Fujifilm Fujicolor C200, now known as Fujifilm 200 has a cooler color palette than Kodak film. Like Fuji Pro 400H, the available stock has significantly dried up. But this consumer film stock hasn't been discontinued and likely will populate more shelves in the future.

For Lumen, Fujifilm 200 is a "perfect choice for anything." This includes skin tones which the stock captures almost as well as Portra 400. You can also get lush greens and pleasant reds.

"Also, depending on where you're located, word on the street is that some C200 being released is actually repackaged Kodak Gold which is a great film in itself but totally different in look and feel," Lumen reveals.

"Despite all that, it still has my heart, and I think it's a perfect all-rounder film stock for any occasion. When comparing it to the more readily available, sometimes anyway, Kodak Color Plus 200, it has a lot more character and defining features. Put this way, if I see it, I buy it."

Kodak Ultra Max 400 for color vibrancy

Even without the use of flash, Kodak UltraMax 400 gives a pleasing retro look. Photo by Lucy Lumen

Touted for its versatility both in the day and low light settings, Kodak Ultra Max 400 is another color negative film stock for consumers. As a teen, Lumen found it to be an affordable film at the start of her photography journey, and it remains one today.

"It's not just that though. When comparing it to the other consumer stocks like [Kodak] Gold and Colorplus, it always seems to me that Ultra Max has a more saturated look, and the reds really pop, not quite as much as Ektar, but there is a vibrancy to this stock that the others don't quite achieve," Lumen says.

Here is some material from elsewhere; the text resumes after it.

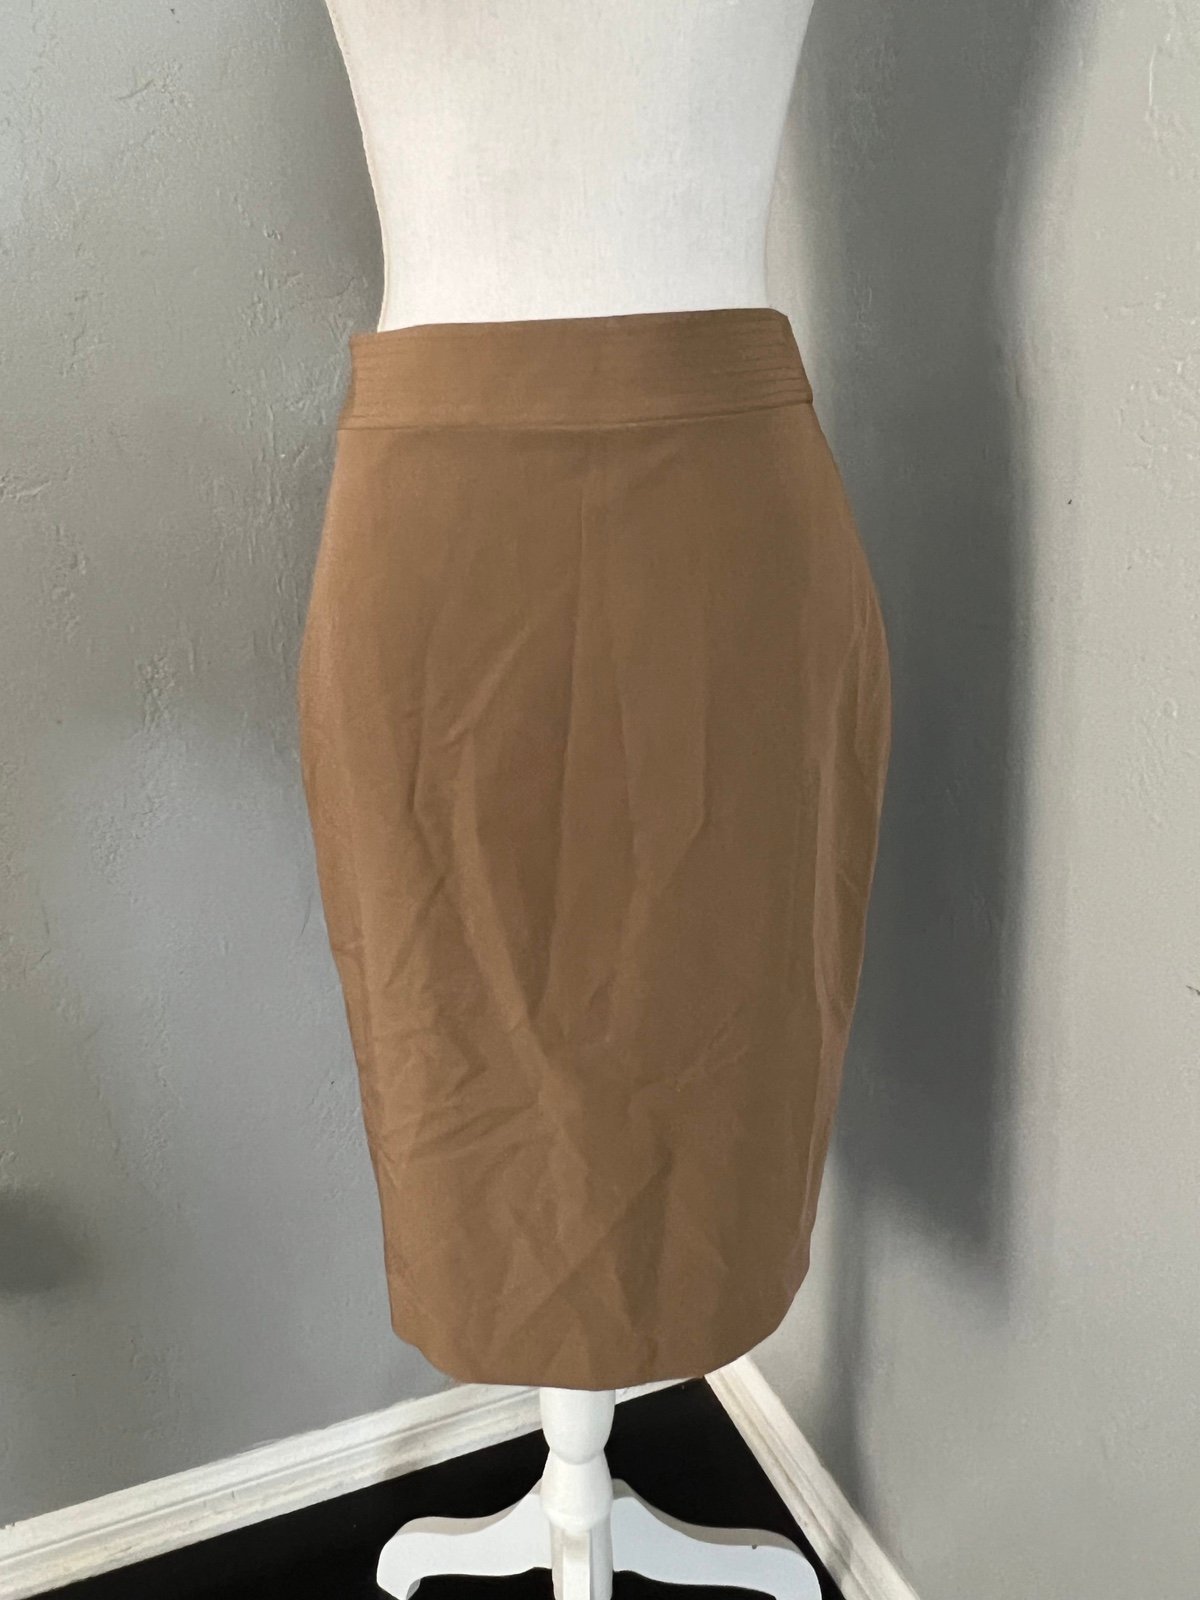 Latest  Georgiou Studio  Skirt size 6 ksSUht7Vk for sal

"For me, this stock shot in my Nikon L35AF with the flash seems to yield this cool 90's grunge magazine look and feel to it. The grain is most certainly there, but I welcome that when I've had a stint shooting roll after roll of Ektar."

The downside to this famous film stock is its lower print quality, for example, compared to Kodak Ektar. As the primary target audience is the general consumer, not a professional, you can still lean into the unique characteristics of this film and make the most of it.

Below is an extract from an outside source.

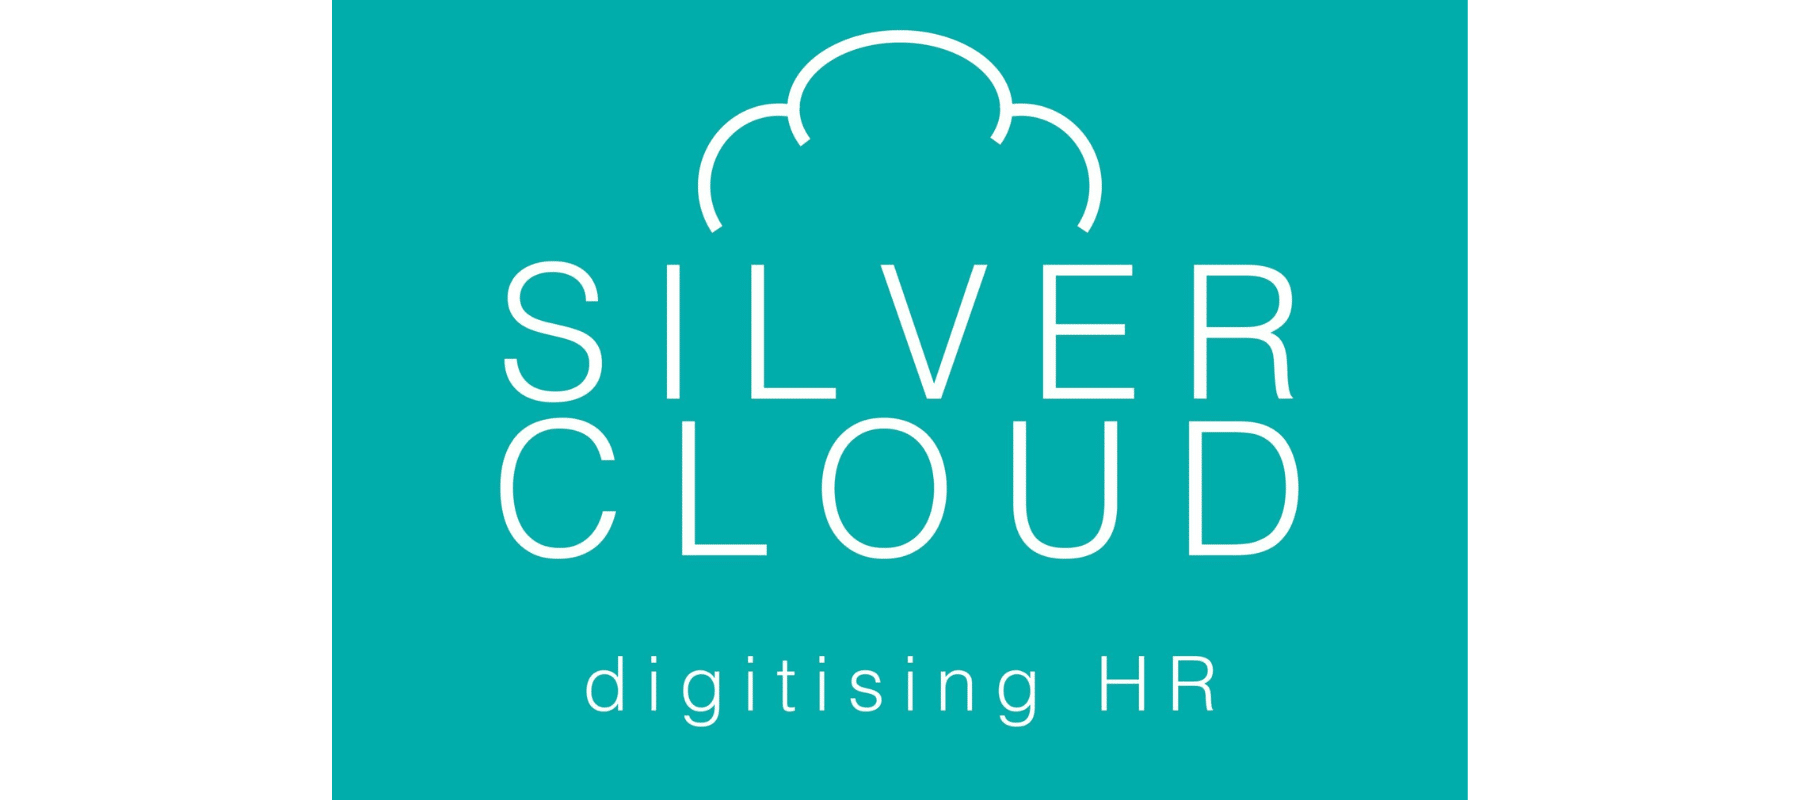 Silver Cloud logo strategic HR

Kodak Ektar 100 for smooth grain

If you want to produce sharp, vivid prints of your work, Kodak Ektar 100 is a top choice. Photo by Lucy Lumen

Professional film stock Kodak Ektar 100 is a solid choice for landscape and nature photography. It gives vibrant and bold colors, and it's also an all-time favorite for Lumen. The film is available in 35mm and 120 formats.

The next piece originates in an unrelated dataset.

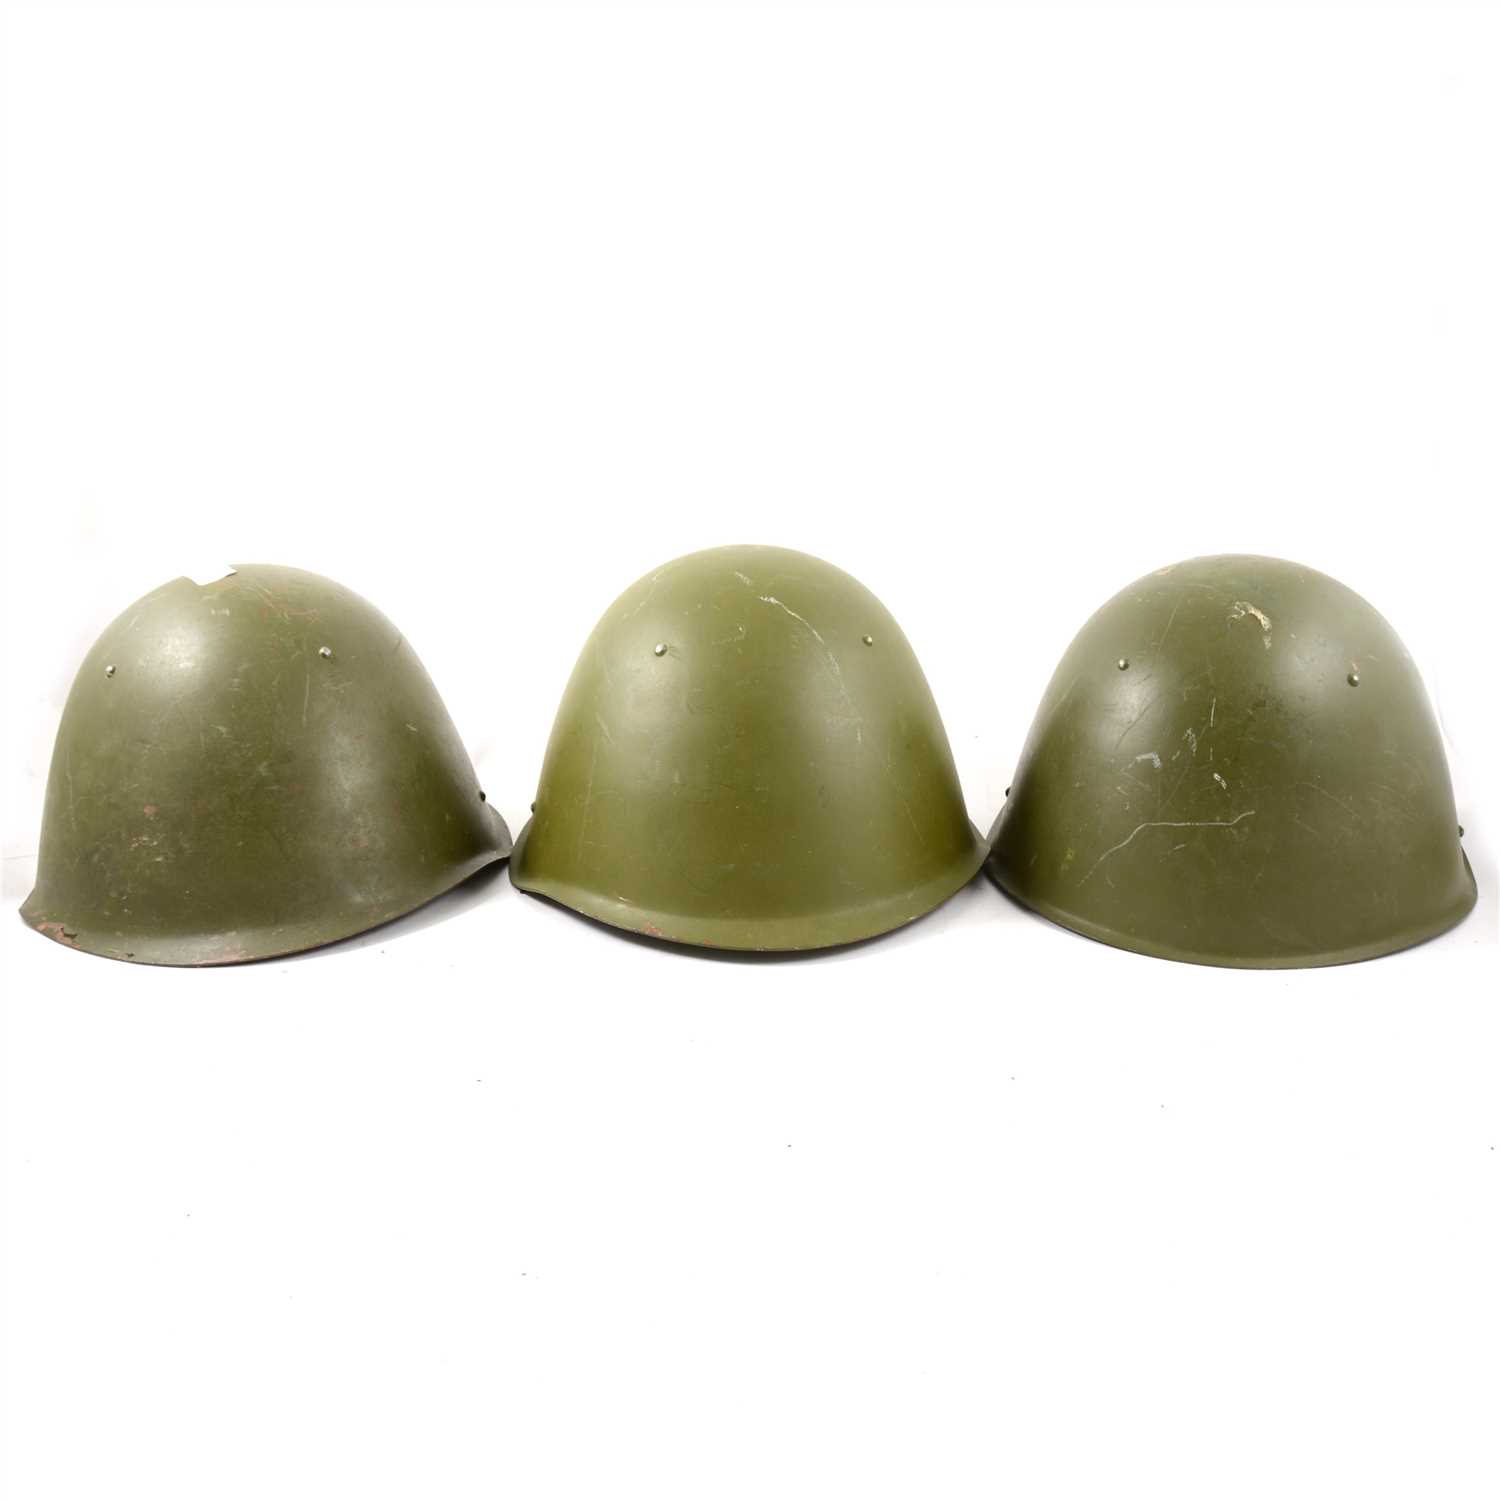 Lot 150 - Three Russian army steel helmets.

"I recently shot Ektar at night with on-camera flash, and despite it being a 100-speed film, the shots come out like nothing else I've ever seen" - Lucy Lumen

The resulting photos have a fine grain — a bonus for those who want to print large. And, when it comes to capturing beautiful blue sky or anything red, Lumen hasn't found a film stock that beats what Ektar produces.

While some film stocks may shine in certain genres and styles, it’s still worth experimenting with different shooting environments. Photo by Lucy Lumen

While beautiful sunshine contributes to visually pleasing photos with Ektar, the film stock's 100 ISO may not be enough for photographers shooting in more gloomy weather conditions. Lumen also points out there is still debate among analog photographers about whether this film stock is for portraits. You shouldn't automatically discount it, though. Sometimes, it simply takes the right lighting conditions to achieve flattering skin tones.

As with most types of film, there is room for experimentation. "I recently shot Ektar at night with on-camera flash, and despite it being a 100-speed film, the shots come out like nothing else I've ever seen," Lumen says. "This is an uncommon and creative way to use this stock which otherwise is often reserved for landscapes."

Author final notes:

The world of analog photography can be challenging and frustrating, especially when your favorite film stock is… out of stock. At the same time, you can find too-many-to-count types of film stock sold online and in stores. You may even come across an old, expired film that gives an unexpected result. Above all, film photography is satisfying because it makes you slow down in a world filled with instant digital photos. What is your favourite film stock to shoot?